DESIGN: A case-control study. PATIENTS: Eleven patients with treated acromegaly and two control groups: (1) sleep studies: 197 subjects randomly selected from the population, (2) cephalometry: 27 healthy subjects and 17 patients with obstructive sleep apnoea. MEASUREMENTS: Nocturnal breathing was monitored with a static charge-sensitive bed. The upper airway soft tissues and bone morphology were assessed by cephalometric X-ray photography. The upper airway collapsibility was investigated with dynamic nasopharyngoscopy. Endocrinological investigations were also performed.
RESULTS: Nocturnal breathing abnormalities were present in all but one acromegalic patient (91%), which was far more frequent than in the general population (29.4%, P < 0.0001). Treated acromegaly was the most powerful predictor of breathing abnormalities, independent of the other significant predictors, age and body mass index. The predominant breathing abnormality was periodic breathing with symmetrically waxing and waning respiratory effort without a major body movement component. Episodes of complete obstruction with repetitive arousals were rare. Except for the longer soft palate, the cephalometric findings were similar to normal. In comparison to obstructive sleep apnoea, the treated acromegalic patients had rather prognathic than retrognathic mandibles. Fibreoptic endoscopy in the acromegalic patients revealed collapsible upper airways at the level of the soft palate, whereas at the base of the tongue little, if any, dynamic narrowing was observed.

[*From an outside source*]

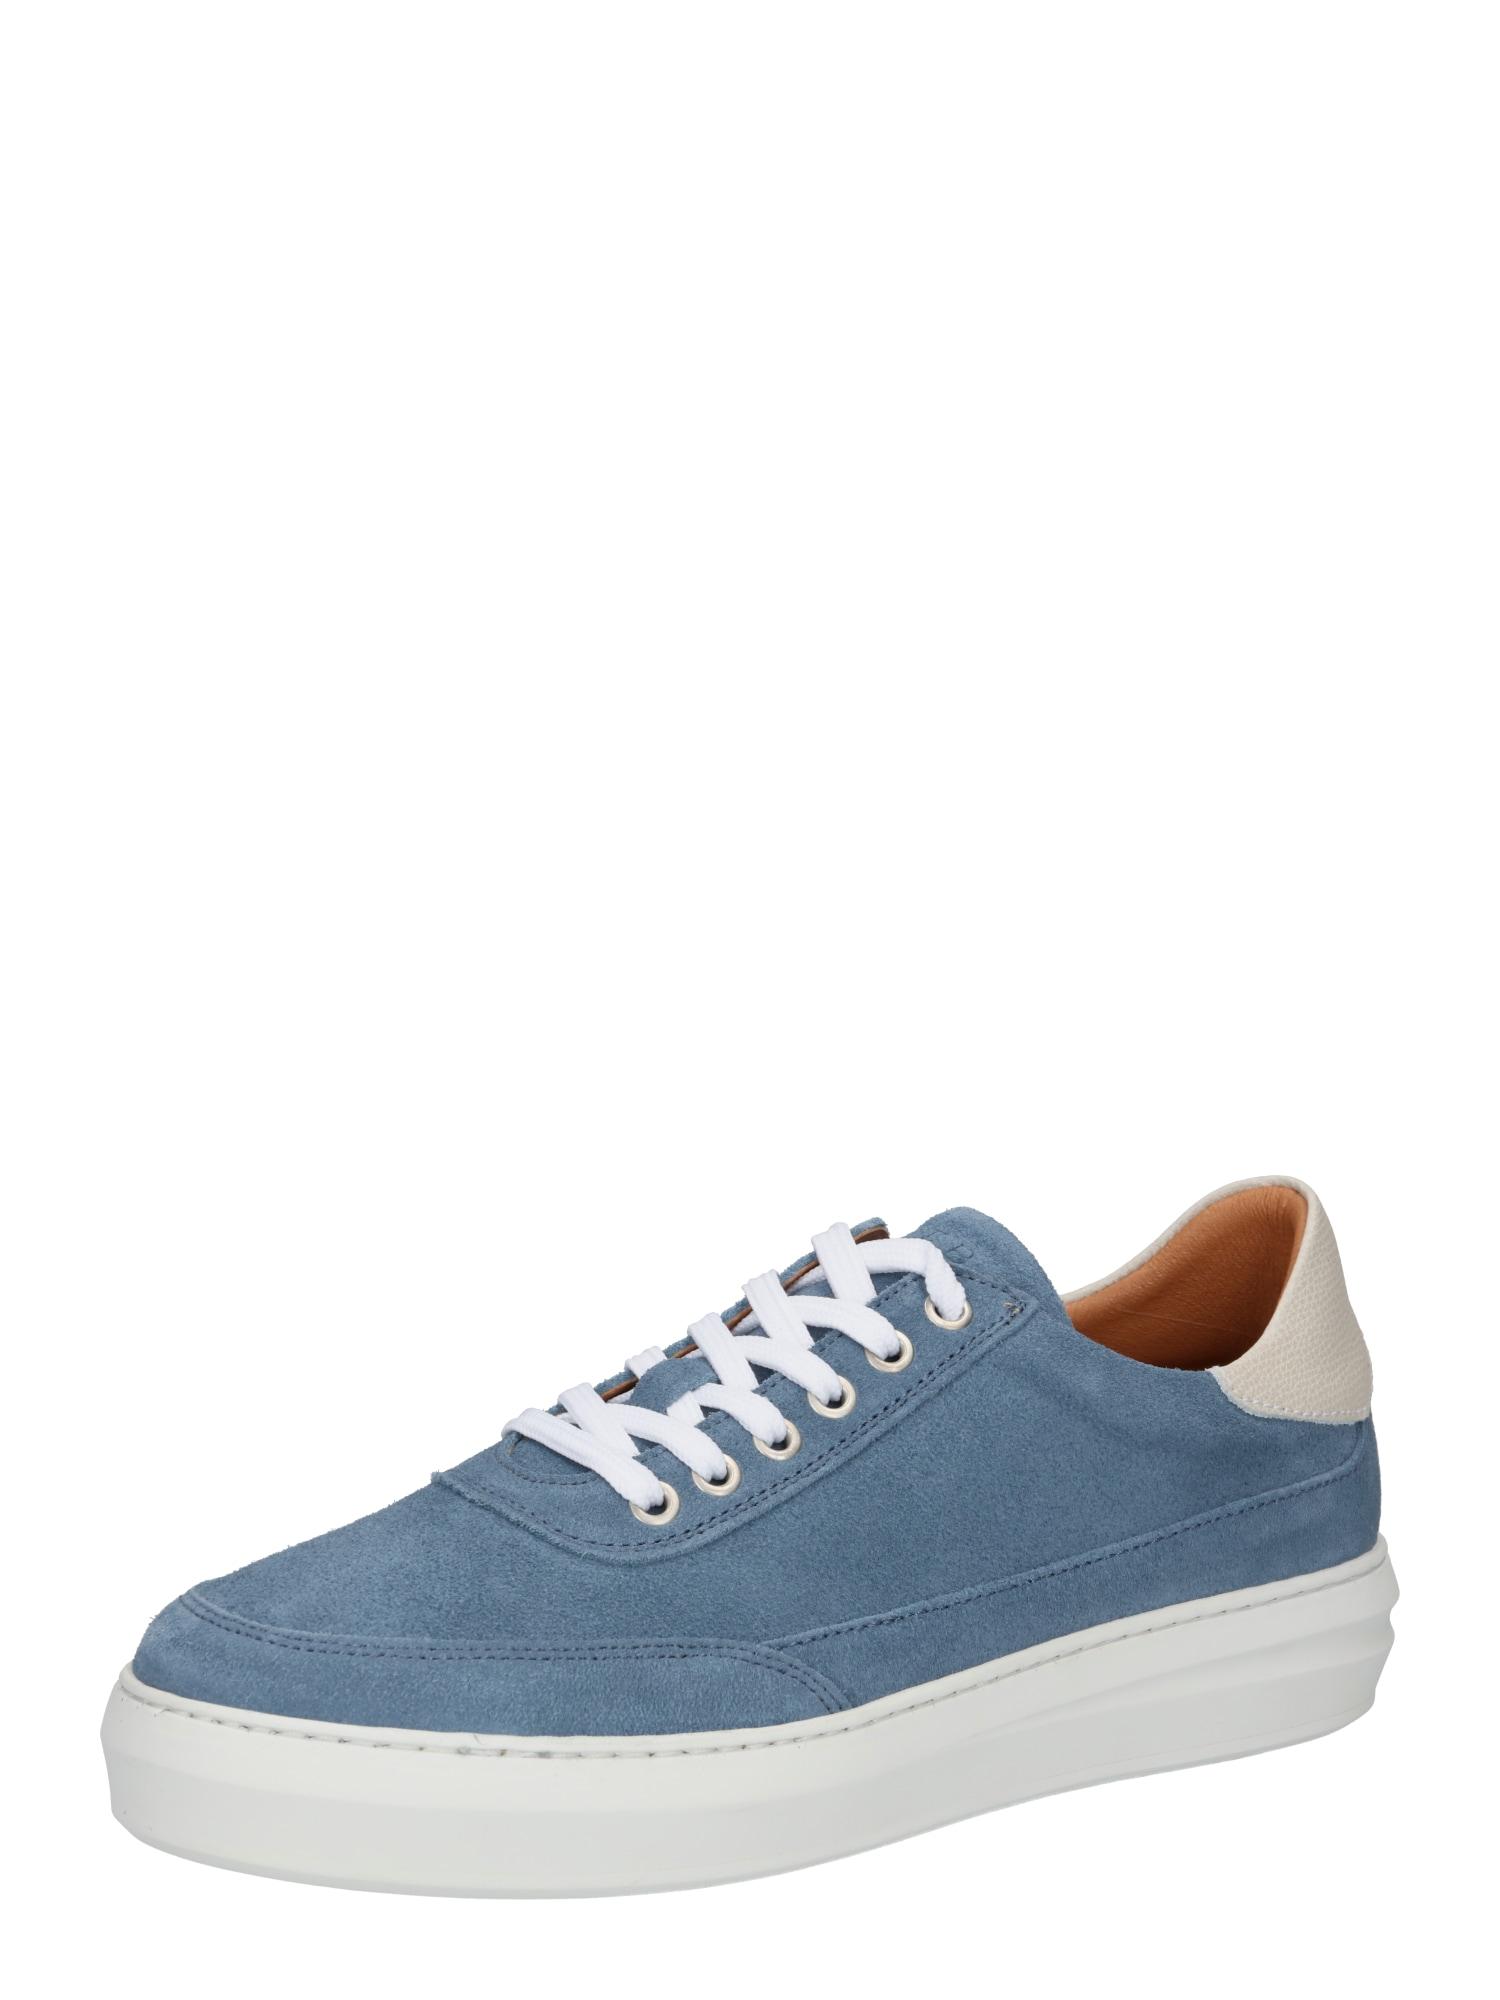 Shoe The Bear Tenisky 'STB-AREN'  chladná modrá / barva bílé vlny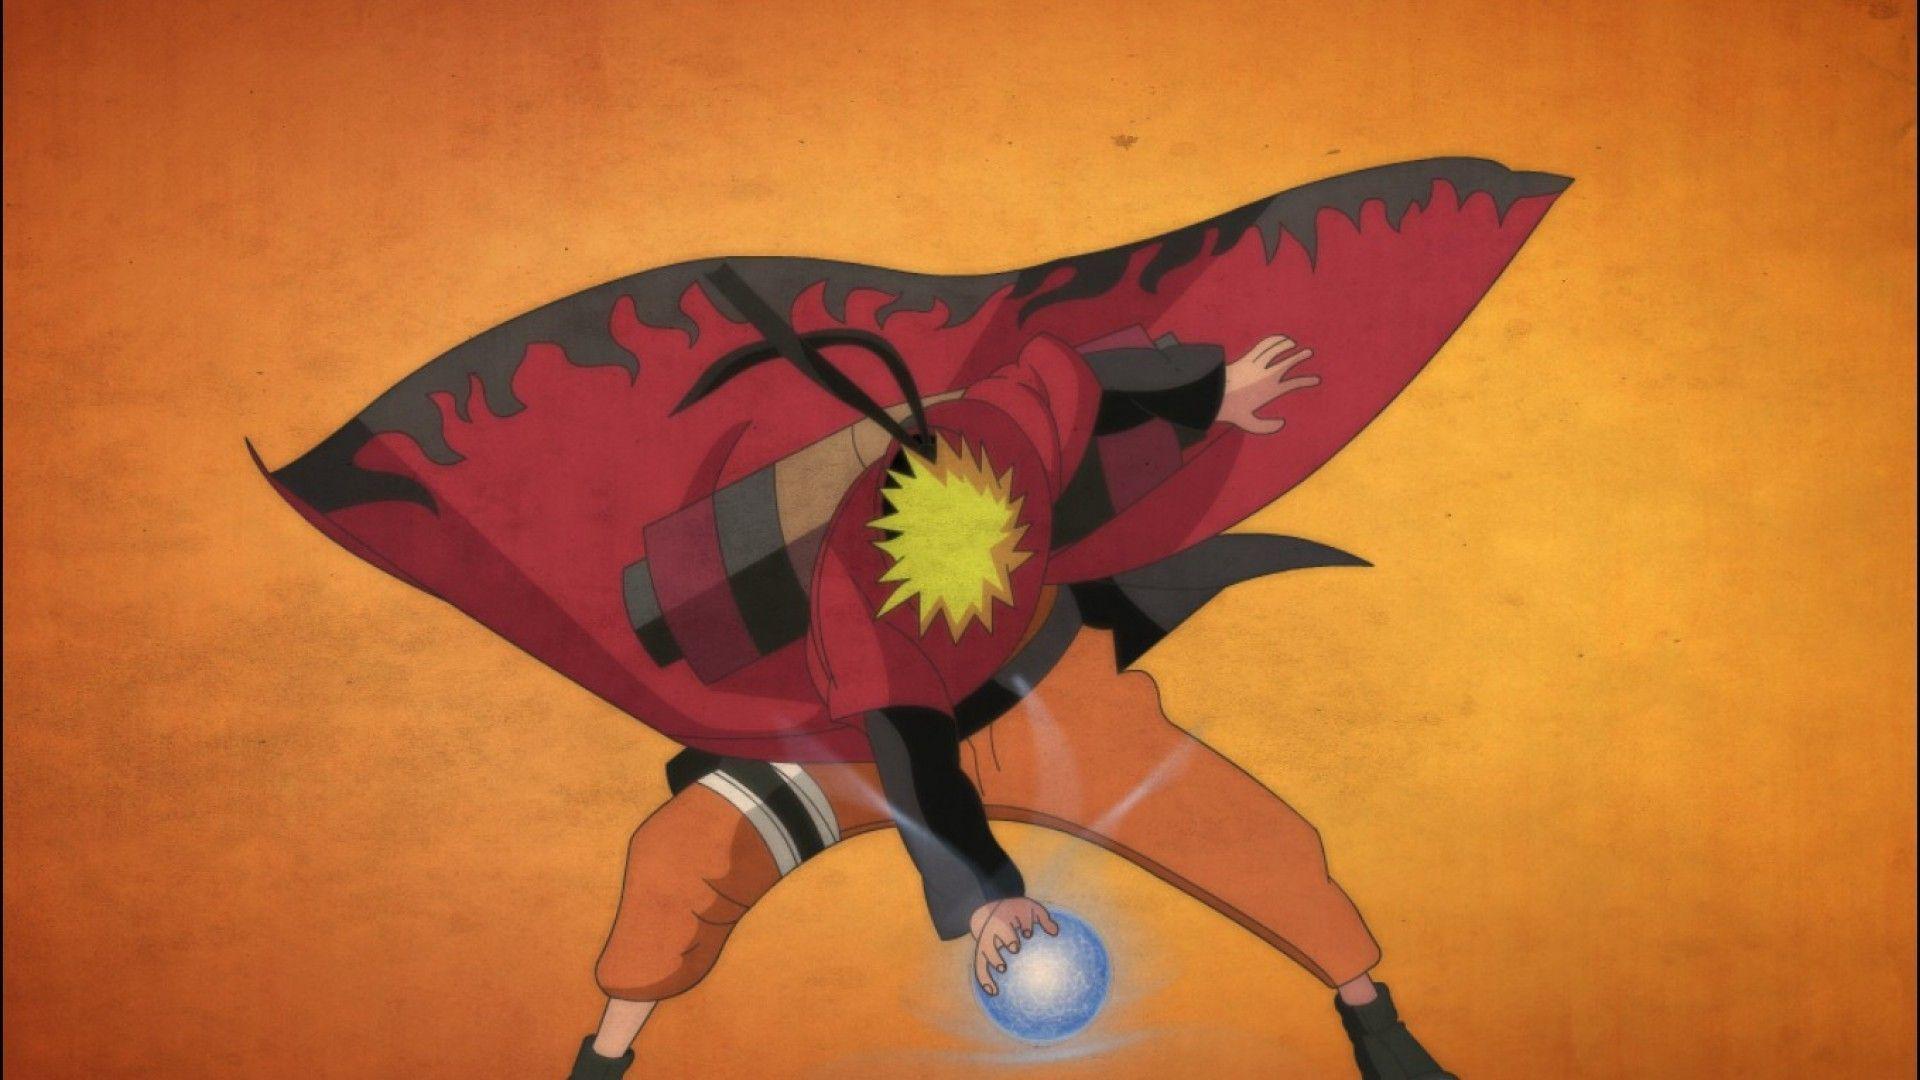 Uzumaki Naruto Sage Mode Wallpaper Hd Posted By Ryan Simpson

CONCLUSION: Our study confirms that nocturnal breathing abnormalities are common in treated acromegaly, and may persist years after the removal of the GH secreting tumour. The breathing abnormalities and the upper airway morphology in acromegalic patients after adenomectomy are different from those observed in primary obstructive sleep apnoea, suggesting a different pathophysiology of the airway obstruction.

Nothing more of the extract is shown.